I also take slight exception to the idea of a friendship not being love. My loves are and have been based on a deep and vital friendship first and foremost, and there are several 'just friends' whom I love very very deeply, more so than some people I have sex with
this! thank you pixie for saying this part better than I could. Tired I guess ;)
 
The answer to this one for me is pretty easy. No sex, no love. Period. Of course, I'm biased as sex is the primary reason I get involve in relationships at all. For me, all of my other needs can be fulfilled by friends and the occasional cuddle party without the extreme mental, spiritual, and financial risk that comes with a romantic relationship.
 
I can't tick any of the boxes.....

I am a woman. I don't need sex to feel love from someone. But I do care very much about having sex! I can never understand people who say it's just not important to them, but each to their own.

What she said.

I go through long dry spells - and I go through spells where W tries to hide from me. Neither changes my ability to love him or be in love with him.

Nor does sex define who I love.

Right now I'm in a dry-ish spell that is ramping up to a spell of voracious appetite... I'm tempted to warn him ;)
 
I can't tick any of the boxes.....

I am a woman. I don't need sex to feel love from someone.
Then the appropriate box for you to click, would be the last one, which says "I'm a woman and I could care less if I have sex or not". I mean, you almost quoted it when you stated it above. ;) No idea why the confusion.

this! thank you pixie for saying this part better than I could. Tired I guess ;)
Since you agree, then the same would go for you too RP.

Not trying to be offending in any way either ladies. Just stating something which, to me, is obvious.



I also stated at the end that there would obviously be other options, and I apologized for not being smart enough to include everyone's choices. I simply couldn't think of them all. LOL I mean, there are about as many ways of showing romantic love, as there are people. There's only 10 choices possible. I tried to keep it simple and broadly generalized.

So, you either have to have sex in order to complete romantic love, or you don't.

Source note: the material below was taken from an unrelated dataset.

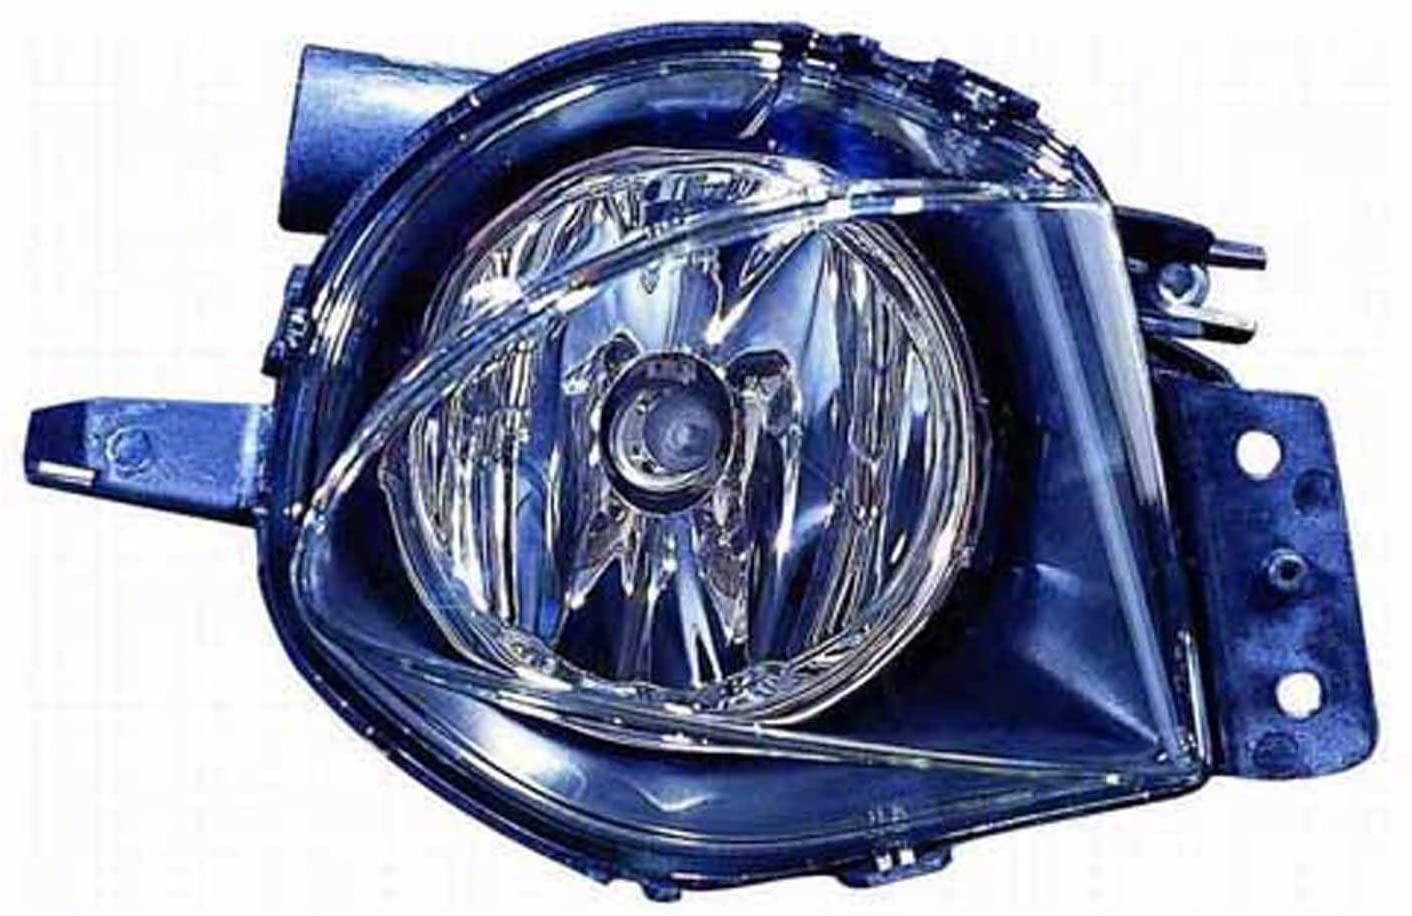 ACK Automotive BMW 3 Fog Light Assembly Replaces Oem: 63 17 6 948 374 Passenger Side
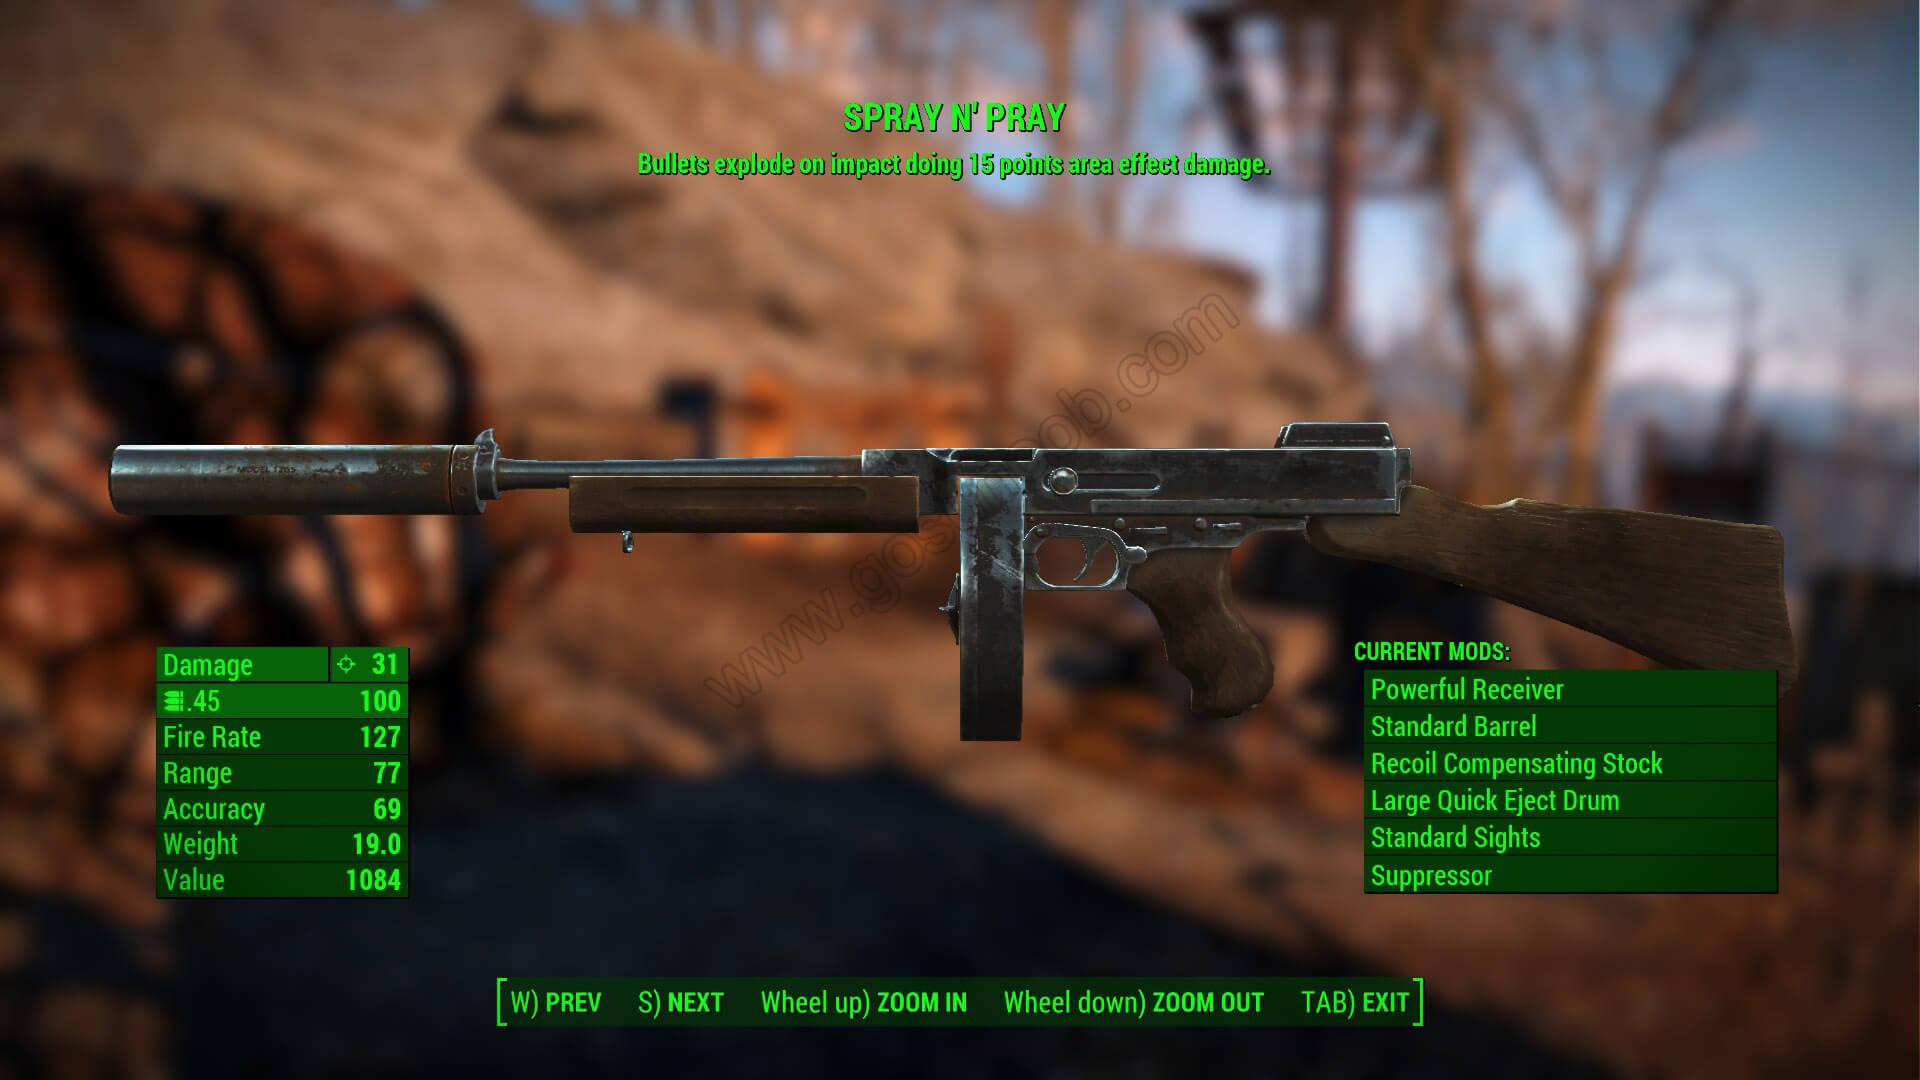 Dart gun - the fallout wiki - fallout: new vegas and more

I, personally, do. :cool:
 
What she said.

I go through long dry spells - and I go through spells where W tries to hide from me. Neither changes my ability to love him or be in love with him.

Nor does sex define who I love.

Right now I'm in a dry-ish spell that is ramping up to a spell of voracious appetite... I'm tempted to warn him ;)
Actually, I think thta you would have to tick the one which says "I'm, a WOMAN...and I HAVE TO HAVE SEX to feel love". The reason? Because you said you have dry spells...which indicates that there are times when you feel you DO need it. So yeah...you would tick the one I said.